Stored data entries
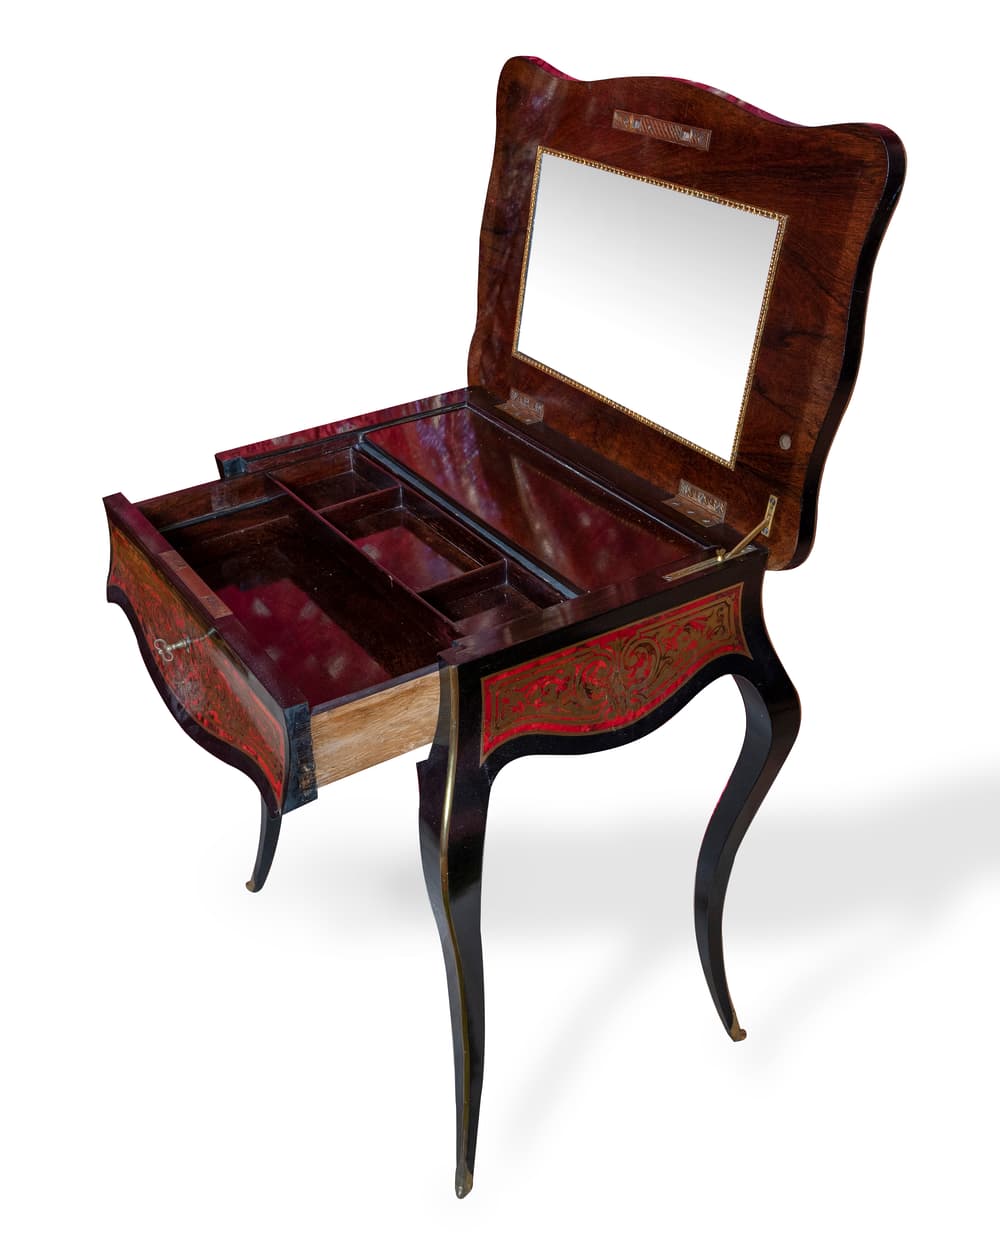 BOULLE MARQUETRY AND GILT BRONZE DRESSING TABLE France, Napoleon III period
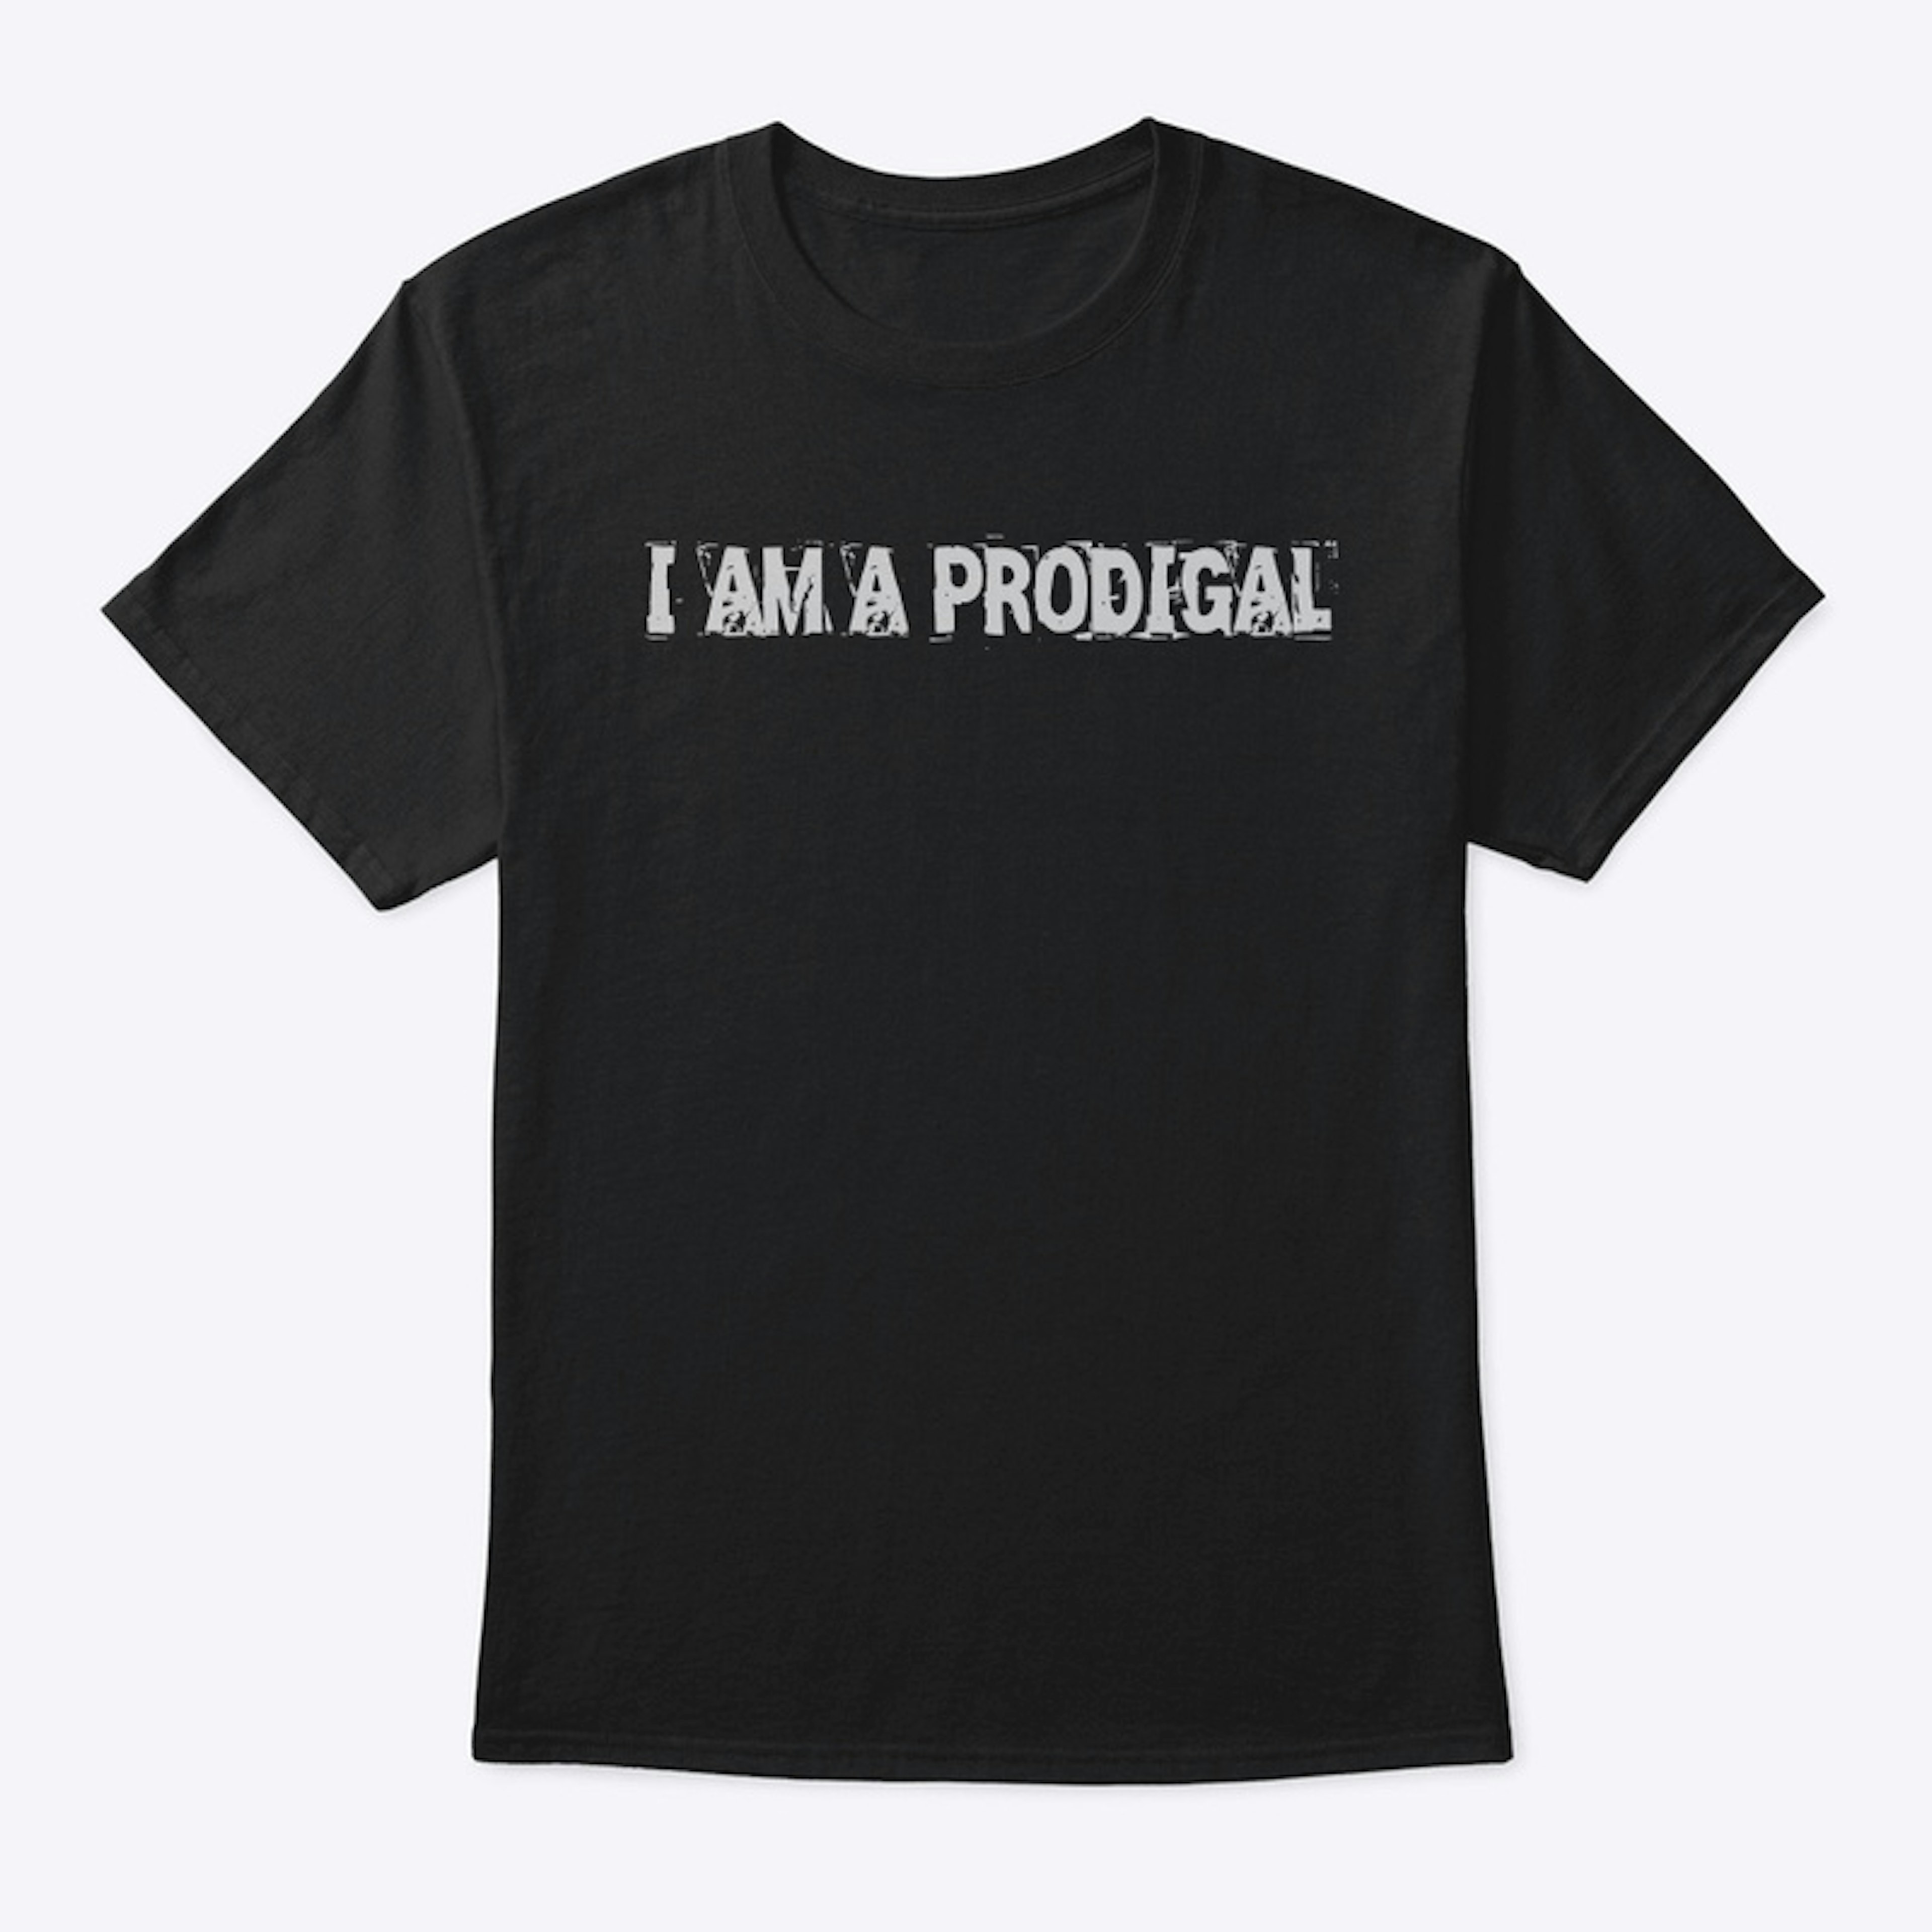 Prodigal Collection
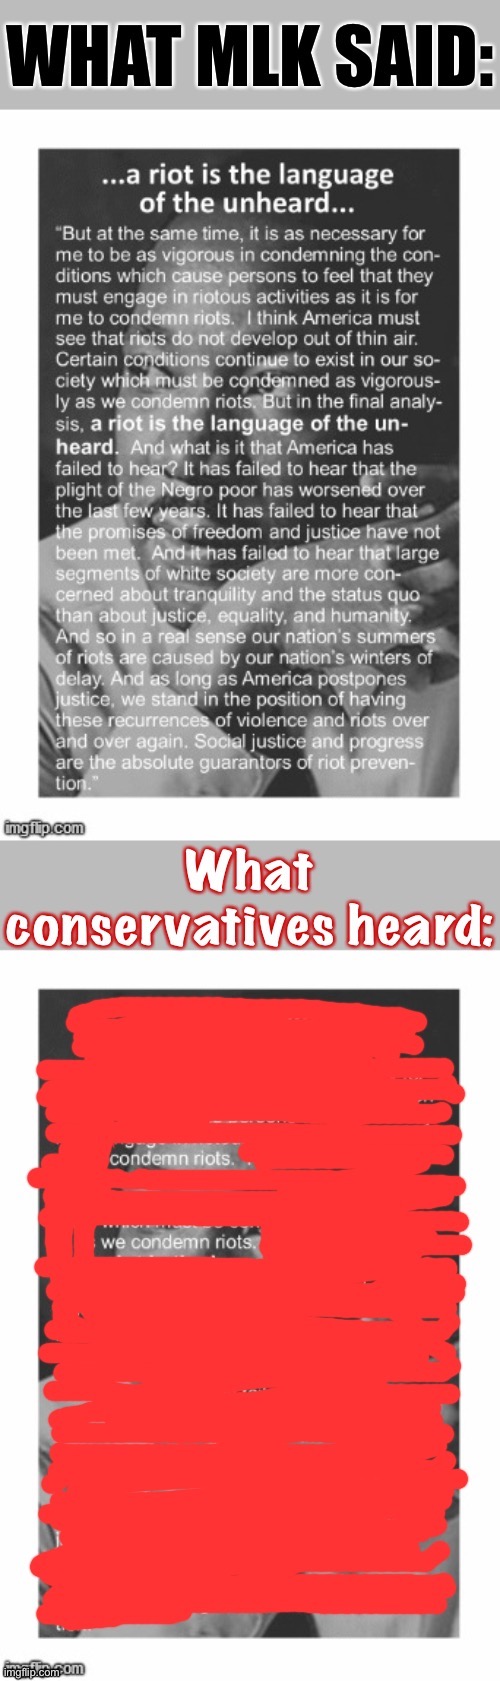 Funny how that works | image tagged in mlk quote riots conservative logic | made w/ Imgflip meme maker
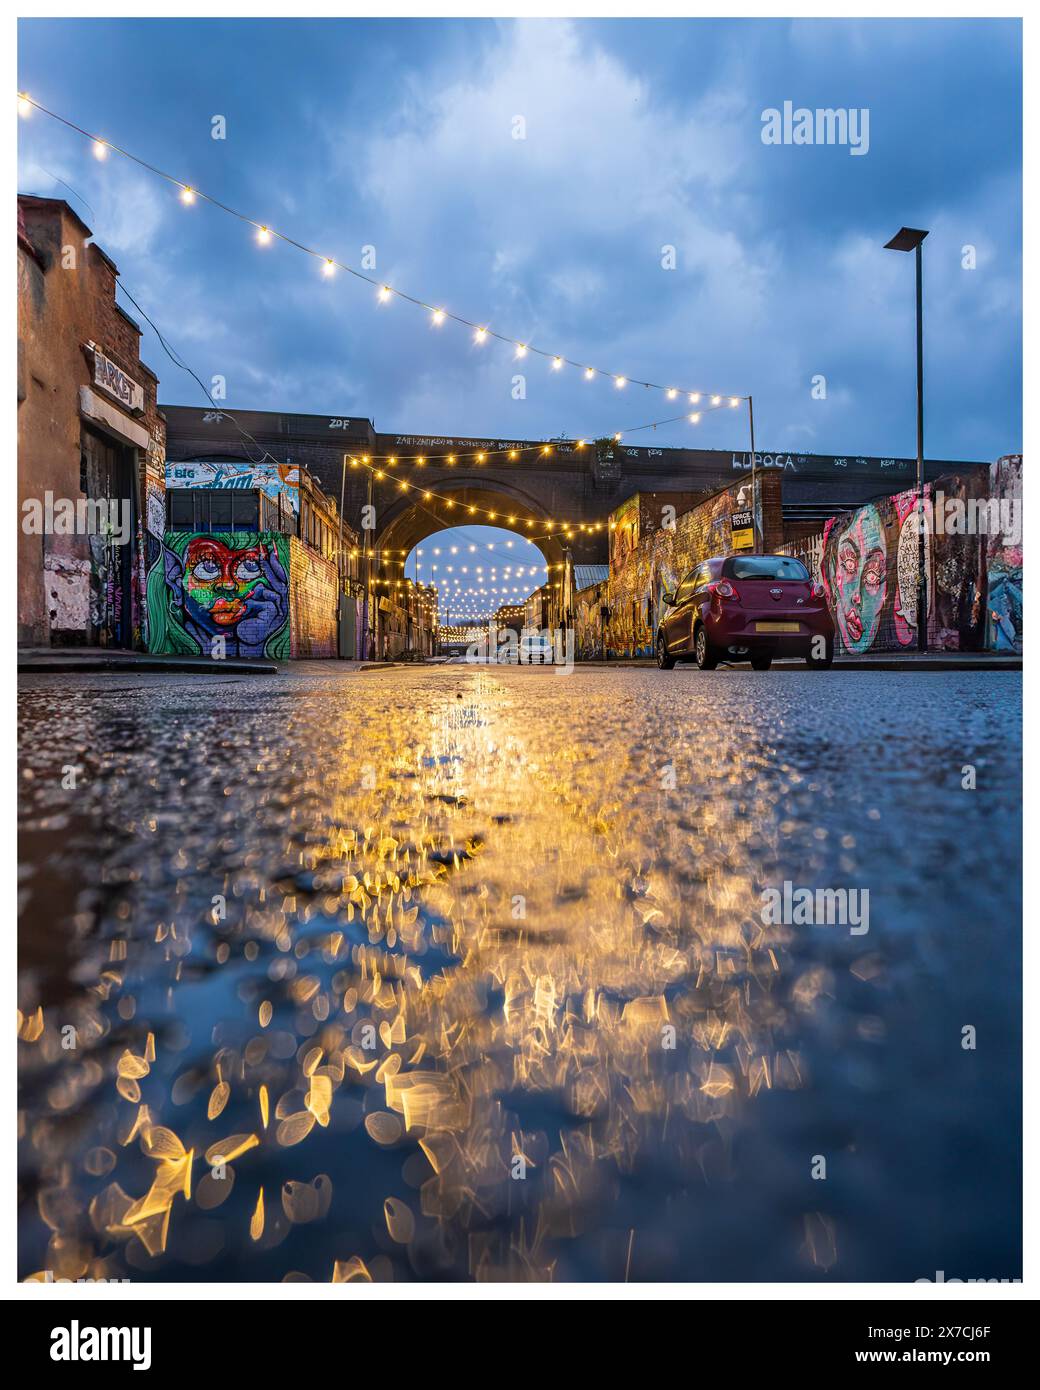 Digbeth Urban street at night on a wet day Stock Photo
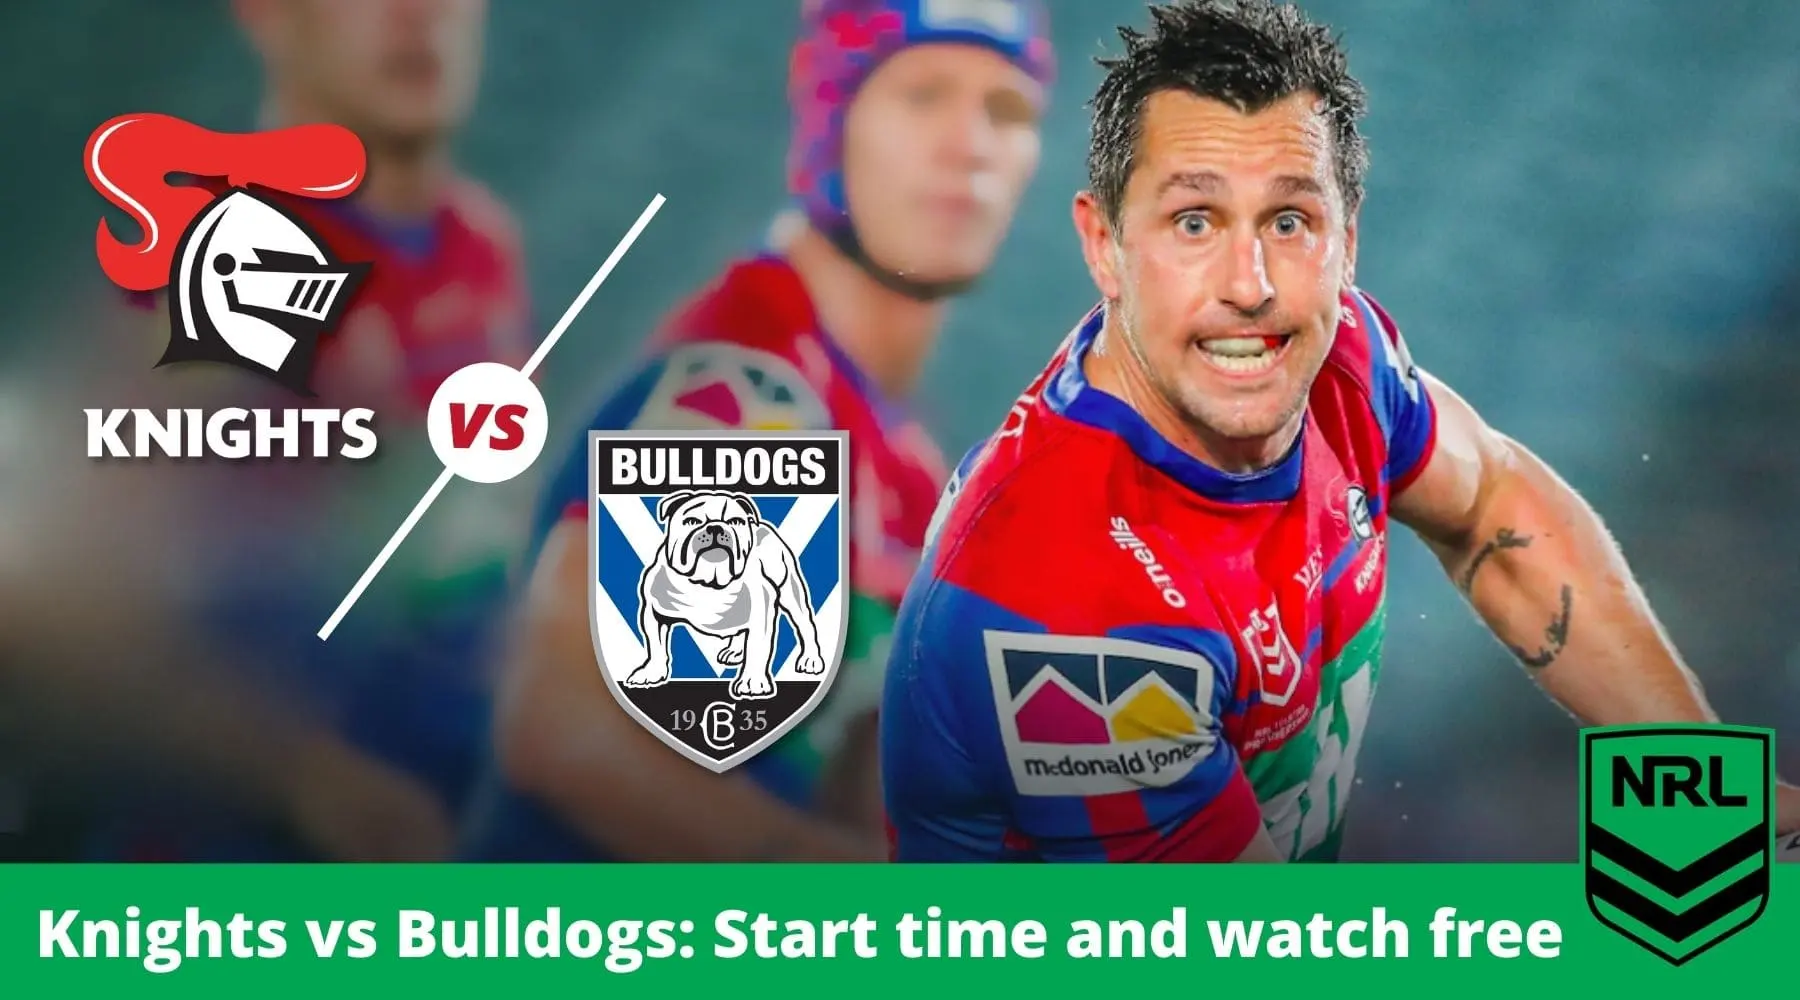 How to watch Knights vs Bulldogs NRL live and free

Your goal
Every line in the records is to be retyped exactly as it stands; the pictures stay out.

Solution to this problem
 BOULLE MARQUETRY AND GILT BRONZE DRESSING TABLE France, Napoleon III period
 Prodigal Collection
 Funny how that works | image tagged in mlk quote riots conservative logic | made w/ Imgflip meme maker
 Digbeth Urban street at night on a wet day Stock Photo
 How to watch Knights vs Bulldogs NRL live and free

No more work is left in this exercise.